Historische verklaringen
Quote van de Engelsman John Ovington, kapelaan voor Koning King James II, bij zijn bezoek aan Muscat in 1633:
"Deze Arabieren zijn zeer hoffelijk en beleefd naar alle buitenlanders toe; ze zijn op geen enkele manier noch gewelddadig noch beledigend; en ze zijn zeer aanhankelijk aan hun eigen principes, en bewonderaars van hun eigen godsdienst, en toch verplichten ze dit op geen enkele manier; noch wordt hun moraal geëvenaard met dergelijke verwoede geestdrift, dat ze afgeleid worden van menselijkheid en een zacht respect ... Kortom, dit is een volk dat van nature gematigd en correct is, en omgeven met die voortreffelijke kwaliteiten, die Griekse filosofen en Romeinse moralisten trachten in hun onderwerpen te inspireren, hoewel ze hun doel misten."
De Amerikaanse zakenman en diplomaat, Edmund Roberts, bezocht Sayyid Said in 1833 en rapporteerde over de bewindvoerder van Oman:
"Alle godsdiensten binnen het grondgebied van de Sultan worden niet enkel getolereerd maar ze worden beschermd door zijne hoogheid; en er is geen enkel obstakel om de Christenen, de Joden of de niet-Joden te verhinderen hun specifieke doctrines te prediken, of om tempels op te richten."
In 1824 bezocht Kapitein George Keppel, een Britse reiziger, Muscat toen hij uit India naar Engeland terugkeerde, hij karakteriseert de Moslims van Oman op de volgende manier:
"Ze vereren geen heiligen; en hebben noch kloosters noch derwisjen.
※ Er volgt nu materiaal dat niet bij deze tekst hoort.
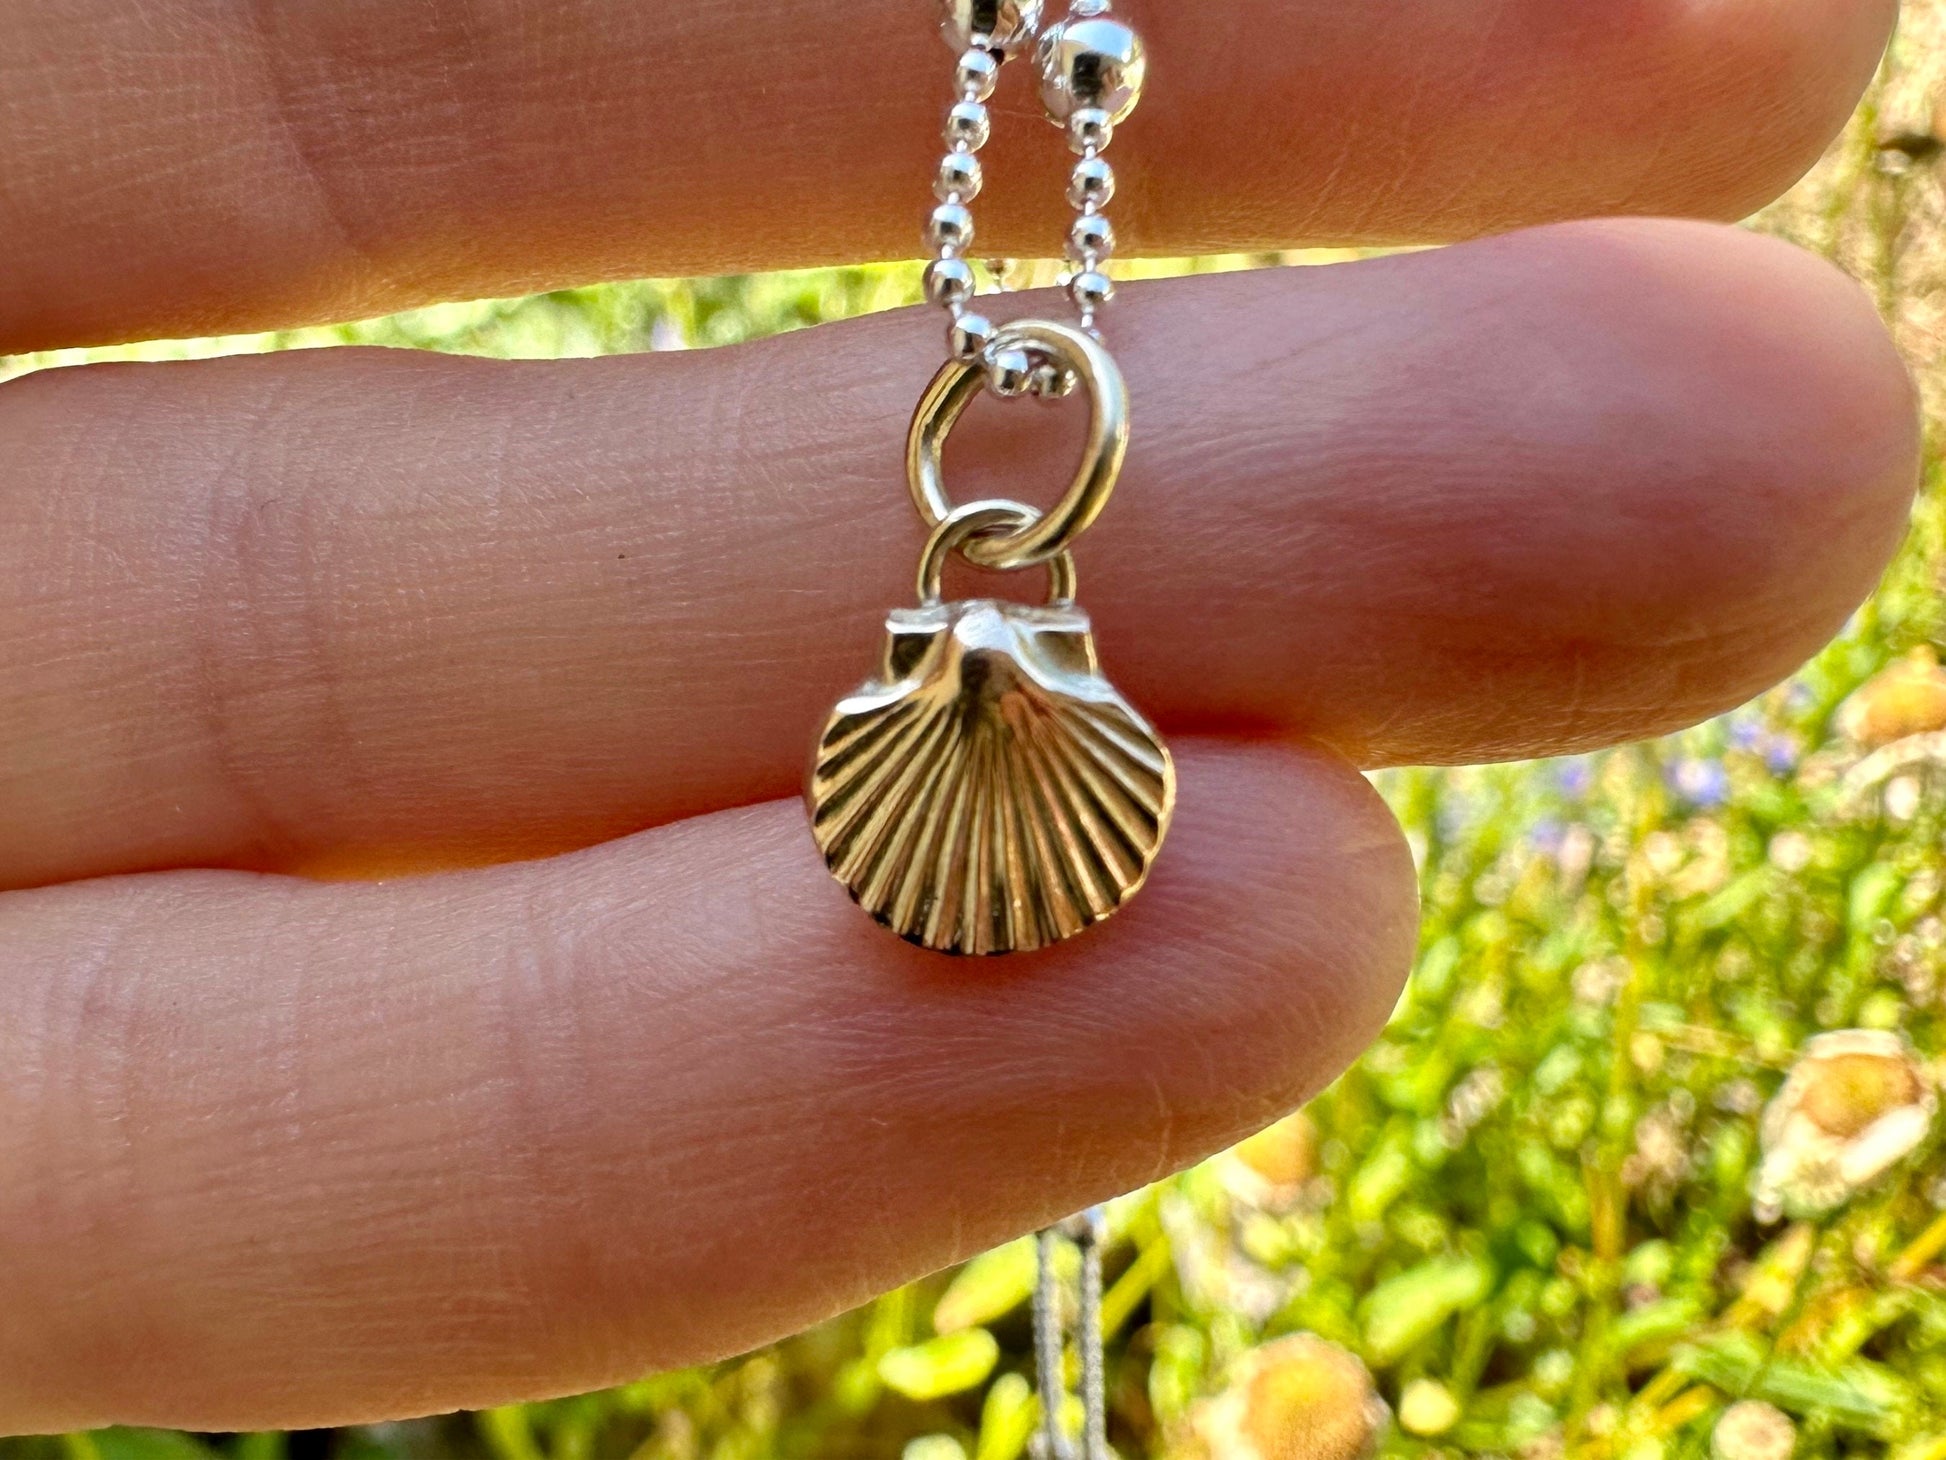 Solid 9ct gold Scallop Seashell pendant charm necklace, handmade from recycled 9ct gold, made to order
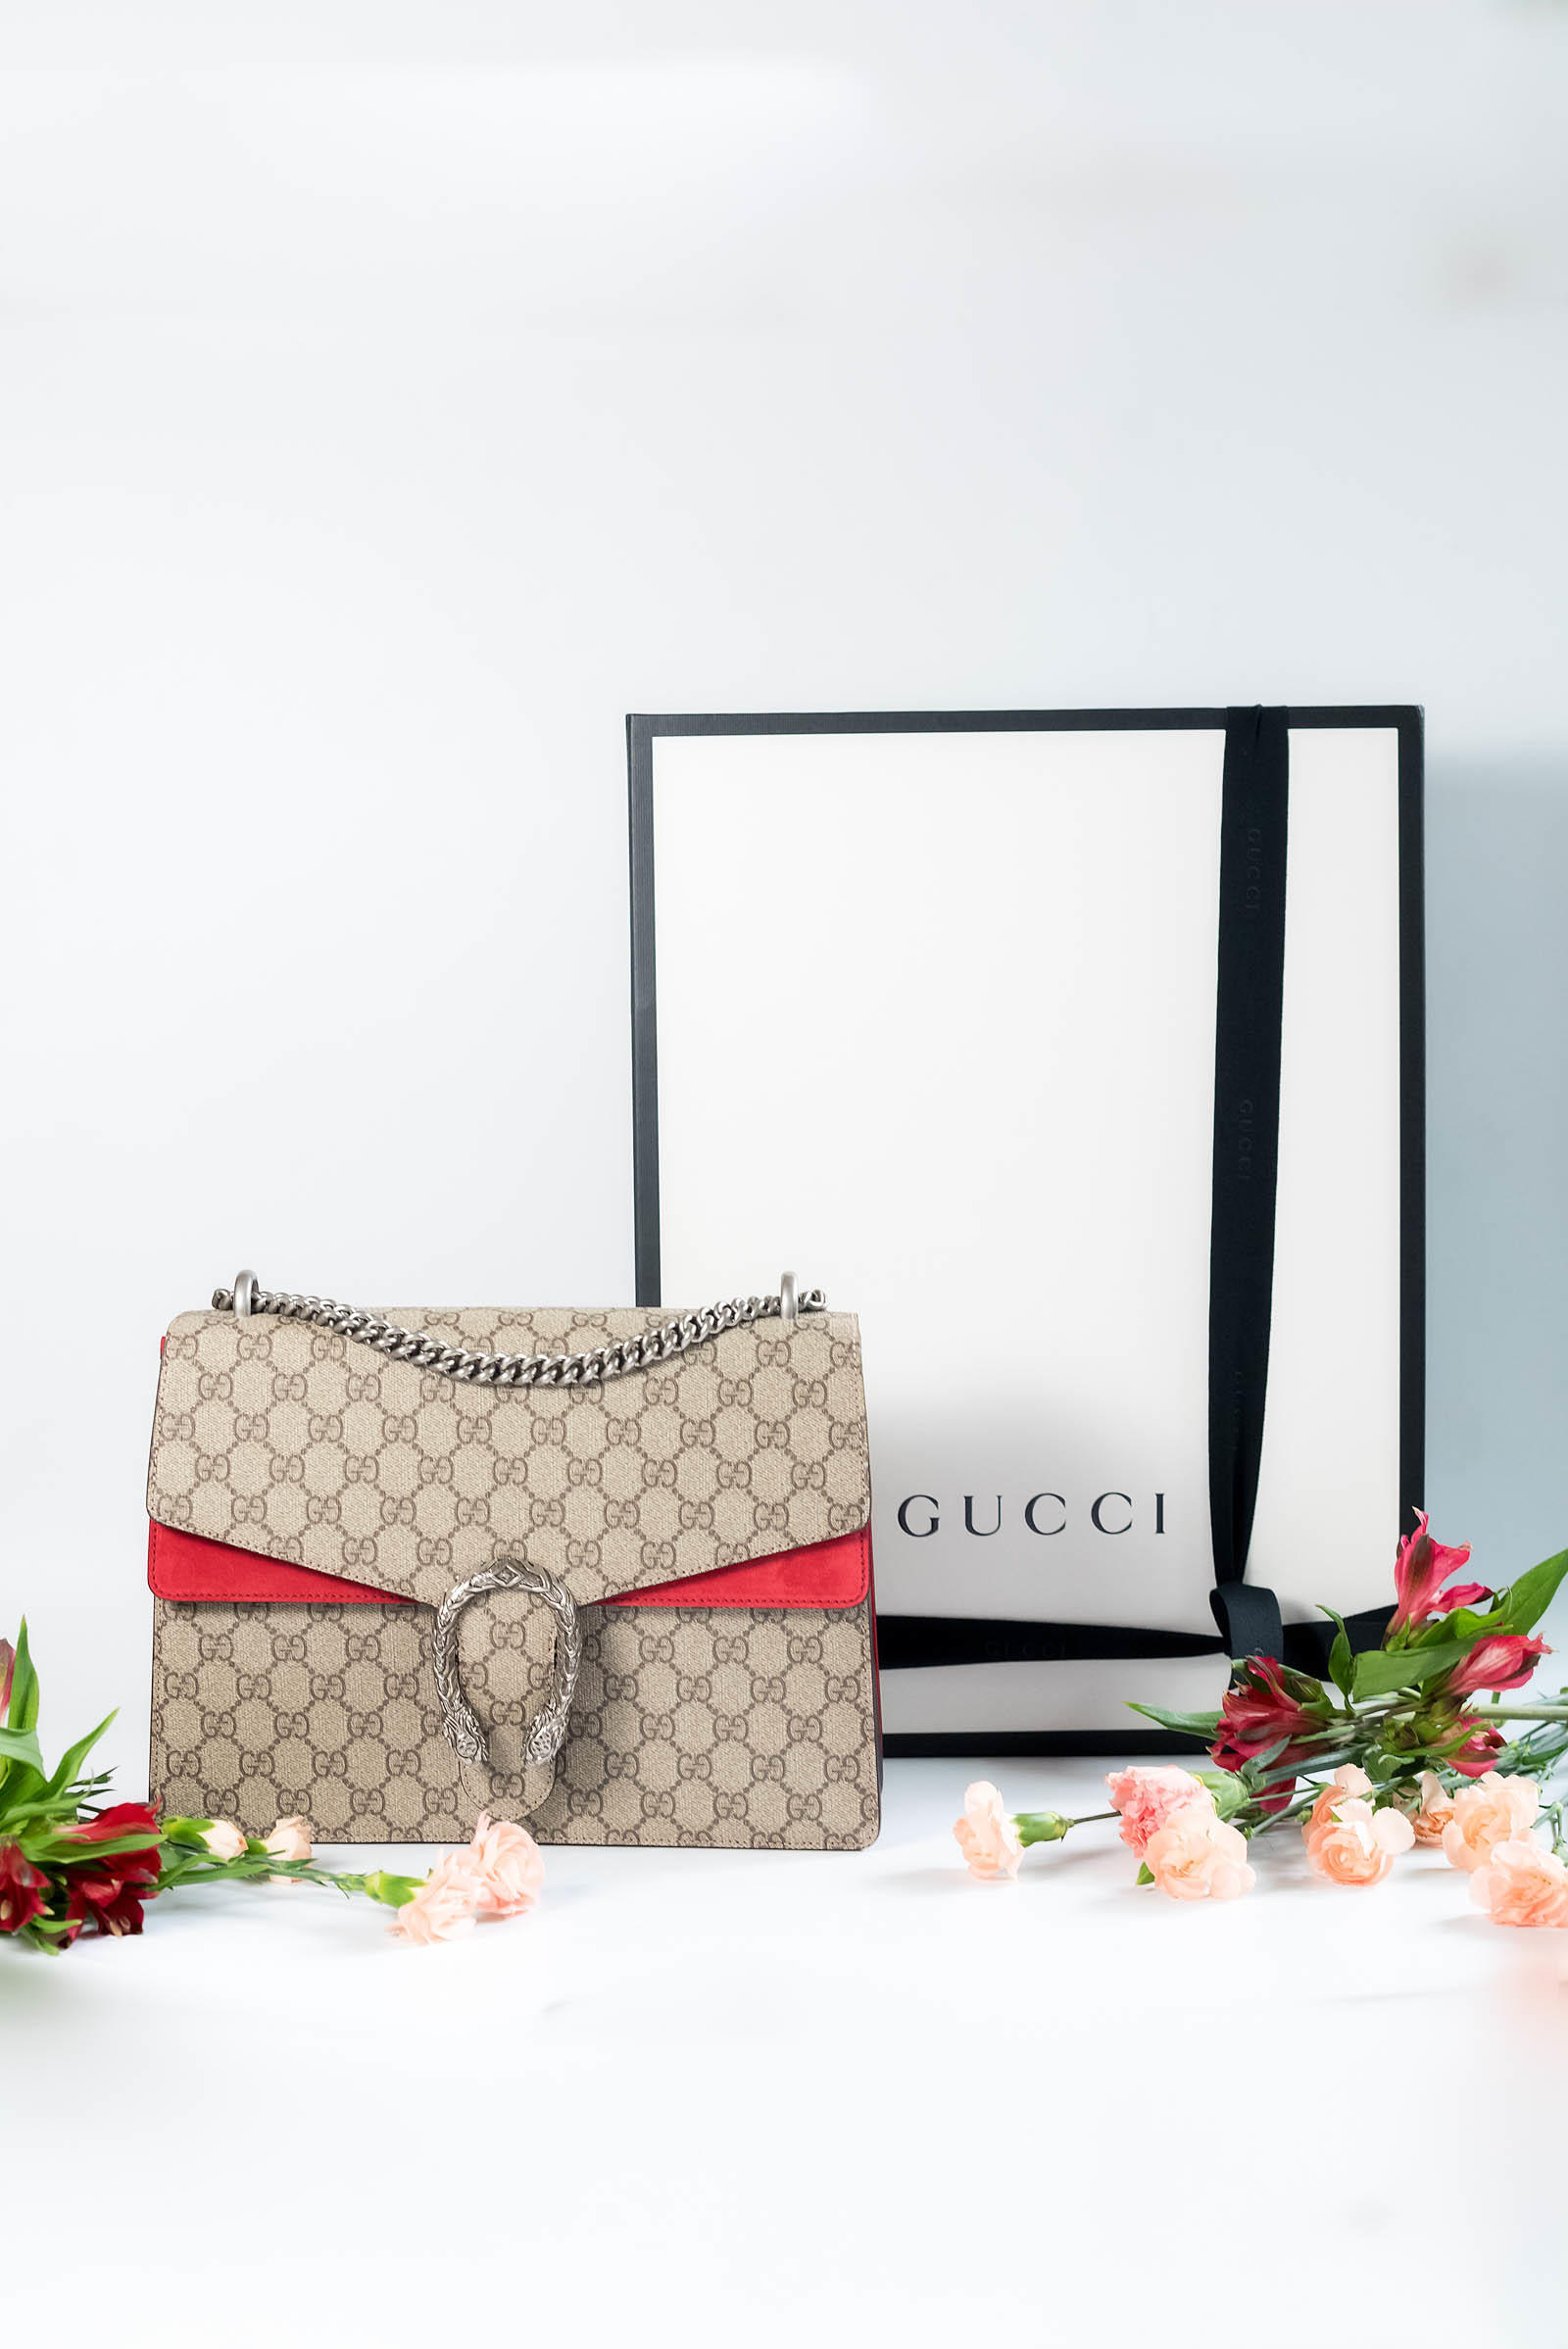 I Finally Purchased the Gucci Bag of My Dreams - PurseBlog

Ze hebben een groot respect voor recht; en een universele tolerantie voor andere religies."
Carsten Niebuhr, een Duitse reiziger, bezocht Muscat op 3 januari, 1765. Hij rapporteerde:
"Banians uit India bevinden zich in grote getale in de commerciële steden. In Mokha lijden ze aan vele kastijdingen. Maar in Muscat, tussen de tolerante sekte van de Beiasi, is het hen toegestaan de wetten na te leven en verering van hun eigen godsdienst zonder verstoring te cultiveren."